The impact of childhood bullying can last long into adulthood. For example, just look at Great Britain’s new princess, Kate Middleton.
“One of the wedding presents they wanted was for donations to charity, and one of the major charities they wanted donations for is called Beatbullying,” says Dr. Thomas Wright, chief medical officer for the Rockford, Ill.-based Rosecrance Health Network. “That’s because Kate was bullied as a youngster, because she was skinny and very pale.”
It’s bad enough when you’re a kid, but adults may continue to suffer the effects of childhood bullying years or decades later, leading to clinical depression, anxiety and substance abuse.
“A lot of people think that bullying is just part of growing up, that it’s sort of something kids will work out,” Wright says. “Sometimes that happens. Oftentimes it doesn’t, and it ends up being a chronic trauma issue. It has pretty serious consequences down the line.”
For members of the LGBT community, adolescent bullying can lead to self-loathing. “It makes what already is a difficult sexual developmental process in adolescence that much more difficult,” Wright says.
According to Mental Health America, a nonprofit advocacy organization, U.S. teens hear slurs such as “homo,” “faggot” and “sissy” about 26 times a day or once every 14 minutes. One study found that 31 percent of gay youth had been threatened or injured at school in the last year alone. As a result, LGBT students are more likely to skip school due to fear, threats and property vandalism.
In the wake of several high-profile cases of suicide by young people who were the targets of bullying, parents, educators and behavioral health professionals have turned their attention to the effects, interventions, treatment and support for those who are affected.
Wright and other health professionals addressed the growing crisis at “Peeling Back the Layers of Bullying,” a day-long workshop held April 29 at Lussier Family Heritage Center in Madison. The workshop featured sessions led by clinical staff from Madison’s Connections Counseling and Rosecrance, both of which treat individuals with substance abuse and mental health disorders.
Topics included “Bullying: A Crisis in Mental Health.” “Cyber Attack: Bullying and Social Media,” “Growing Pains: Healthy Ways of Coping with Stress and Anxiety as an Emerging Adult” and “Creating Connections: Mentoring and Peer Support.” About 30 healthcare professionals from Madison, Milwaukee and Rockford attended.
According to Mental Health America, 22 percent of gay students skipped school in the past month because they felt unsafe; 28 percent drop out – more than three times the national average.
But bullying doesn’t end with adulthood. Wright, a child and adolescent psychiatrist who lives in the Madison area, identifies three general forms of bullying that can occur throughout life.
Direct bullying is obvious. Indirect bullying is subtler. “It’s where the bully sabotages those around you – to you,” he says. “They talk badly to coworkers about you, but they won’t do it to your face. They might plant rumors about you. They might imply that you’re not a good worker. They sabotage your ability to succeed. A lot of times, victims don’t even know where the source is.”
Finally, there’s bullying of exclusion. “People are left out of social groups or social situations that they really ought to be included in, but they’re left out to lower that person’s self-esteem,” Wright says. “That certainly is a kind (of bullying) that happens with adults in the workplace.”
For both adults and children, bullying is an equal-opportunity problem, Wright says. There are no special identifiers for potential victims.

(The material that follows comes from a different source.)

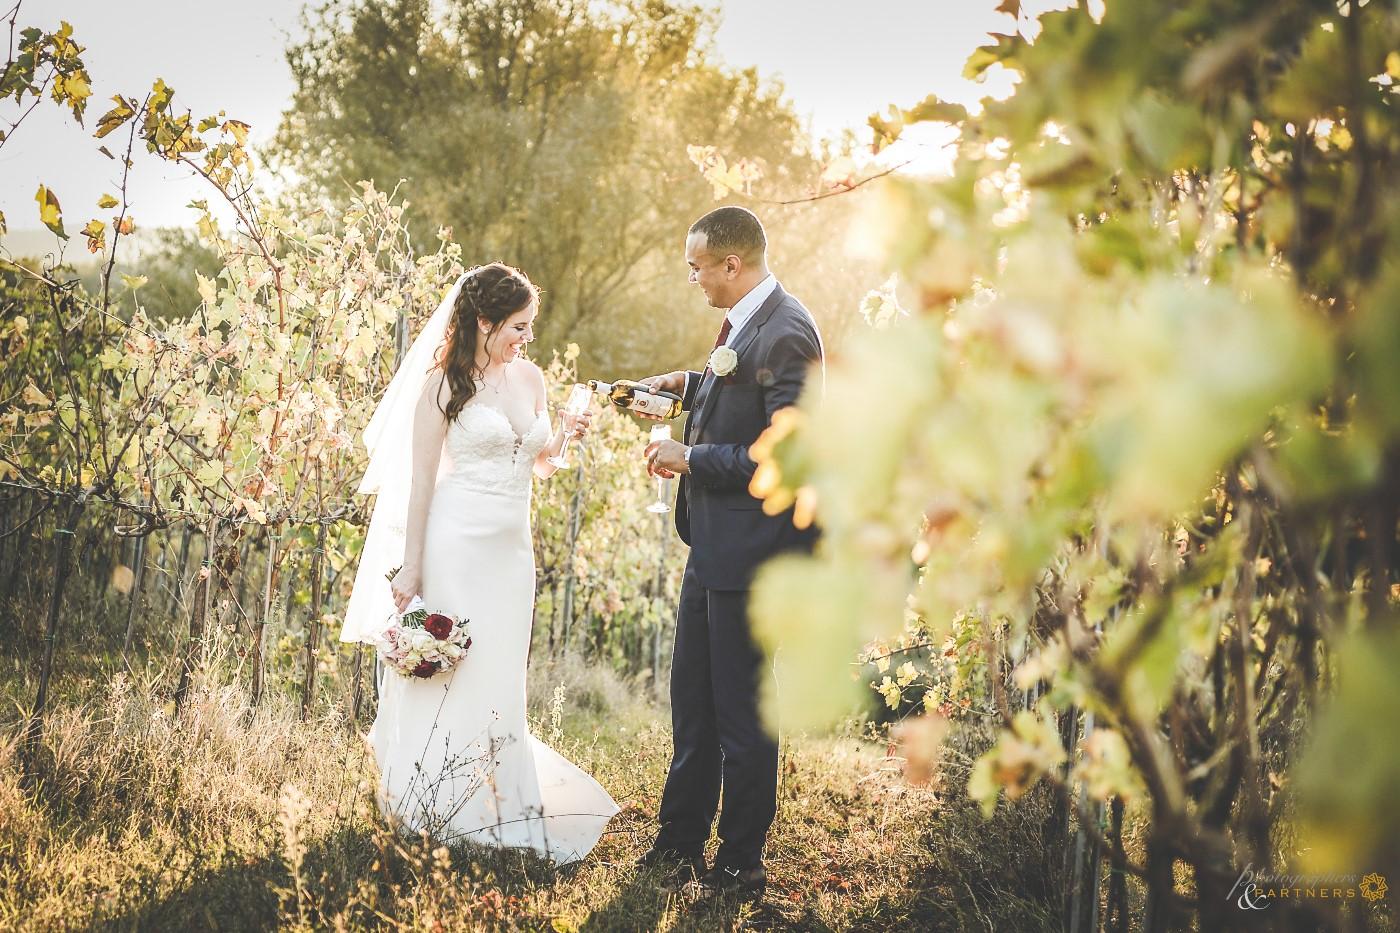 photographer_weddings_baroncino_12.jpg

“It happens across the board,” he says. Still, there are some characteristics that many victims share. “They tend to be a little more socially withdrawn, more sensitive, maybe quieter or passive.”
Bullying was not studied much before 2005, when the rise of cyber bullying attracted attention. Current studies are just beginning to examine long-term effects, but depression and anxiety already have been identified, sometimes leading to suicide and self-injury, or “cutting.” Bullying can also be a contributing factor in alcohol and drug addiction, as victims attempt to self-medicate.
“Whatever psychological processes are still going on in your own head about self-esteem, your own self-worth, it can really be helpful to look at that as an adult, about what happened to you as a child,” he says. “It is important to look at it throughout the cycle. Part of the problem is that we want to ignore it: ‘That’s something I went through. That’s just something kids do, I don’t want to go through that again.’ Awareness doesn’t happen once we put our heads in the sand.”
There’s at least one other tragic reason to look at the effects of bullying.
“Interesting enough, there are about 10 to 20 percent of victims who turn into bullies themselves,” Wright says. “That contributes to the cycle of it.”